Would more pandemic relief help?
Many economists and the chairman of the Federal Reserve, Jerome Powell, sure think so. But so far, Congress and the White House have failed to overcome their differences and pass a new round of stimulus. And the clock is really ticking now, because more pandemic relief aid is set to expire at the end of the year.
Like the federal moratorium on evictions, extended unemployment benefits and unemployment benefits for gig workers and other self-employed people, not to mention, student loan debt relief.
Can the Fed do something if Congress won’t?
The Fed has thrown all kinds of support at the economy, including slashing interest rates to near-zero so people and businesses can borrow cheaply. But monetary policy is a blunt instrument.
Record-low mortgage rates, for example, don’t do much for Americans who can’t afford to save the down payment on a home or who can’t get a loan because they’re out of work.
And all of that cheap money sends investors chasing higher returns in other assets – like houses and stocks.
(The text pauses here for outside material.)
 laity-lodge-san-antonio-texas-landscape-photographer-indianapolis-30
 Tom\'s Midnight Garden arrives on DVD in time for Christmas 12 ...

So that medicine from the Fed – while absolutely needed to keep the recovery going – is also widening inequalities.
What happens next?
Heading into the holiday season, many Americans are already living on the edge.
Between 30 and 40 million renters are at risk for eviction when a nationwide moratorium expires on December 31, according to an analysis by the Aspen Institute. And those tenants are responsible for back rent, too, as well as any fees or penalties imposed by landlords, according to Princeton University’s eviction lab.
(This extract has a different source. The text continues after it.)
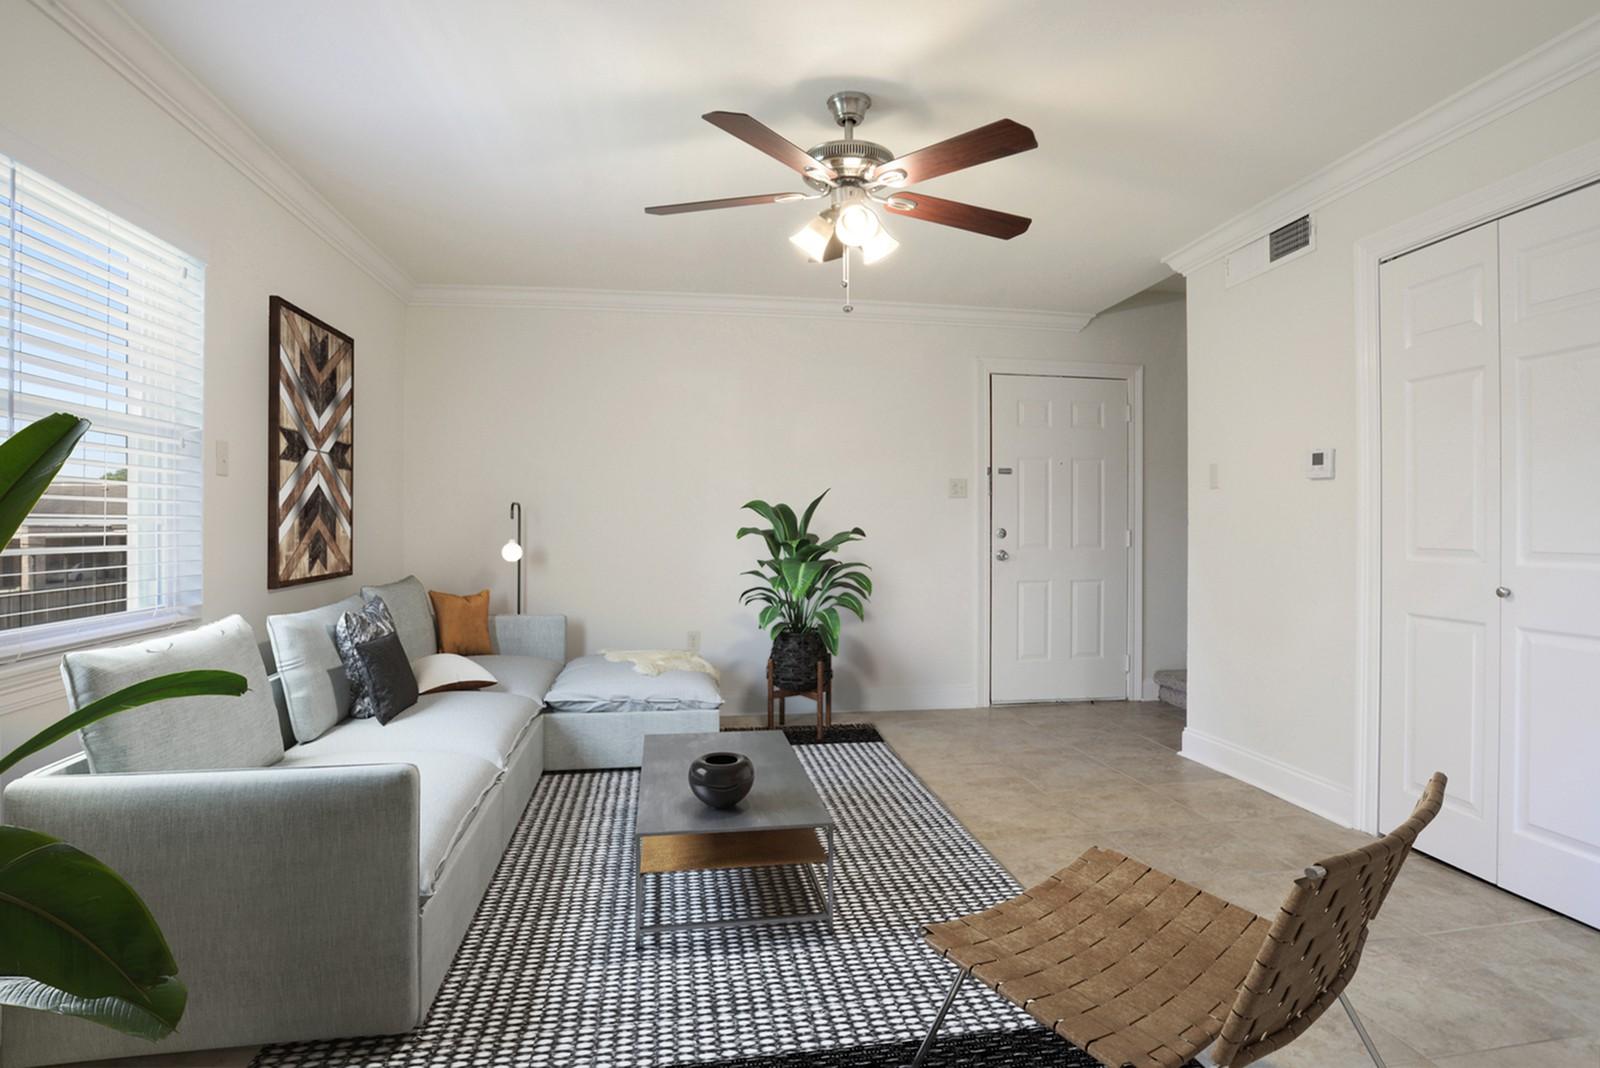 Apartments Near Louisiana The Warwick - Utilities Included for Louisiana Students in , LA

Visitors to food banks have soared, with some lining up for hours to get the basic staples they need – as well as food for the holidays.
Feeding America, the country’s largest hunger-relief organisation, said its network of nationwide food banks has distributed an estimated 4.2 billion meals since March 1.
More troubling: the group’s food bank survey found that 40 percent of the people accessing help now never needed it before.
So what can be done?
Most economists agree a new round of federal stimulus relief is needed now.
Whether the lame-duck Trump administration will continue negotiating with Congressional Democrats over a new round of aid remains to be seen. But many families struggling to make ends meet now can’t wait for relief until the Biden administration takes over on January 20.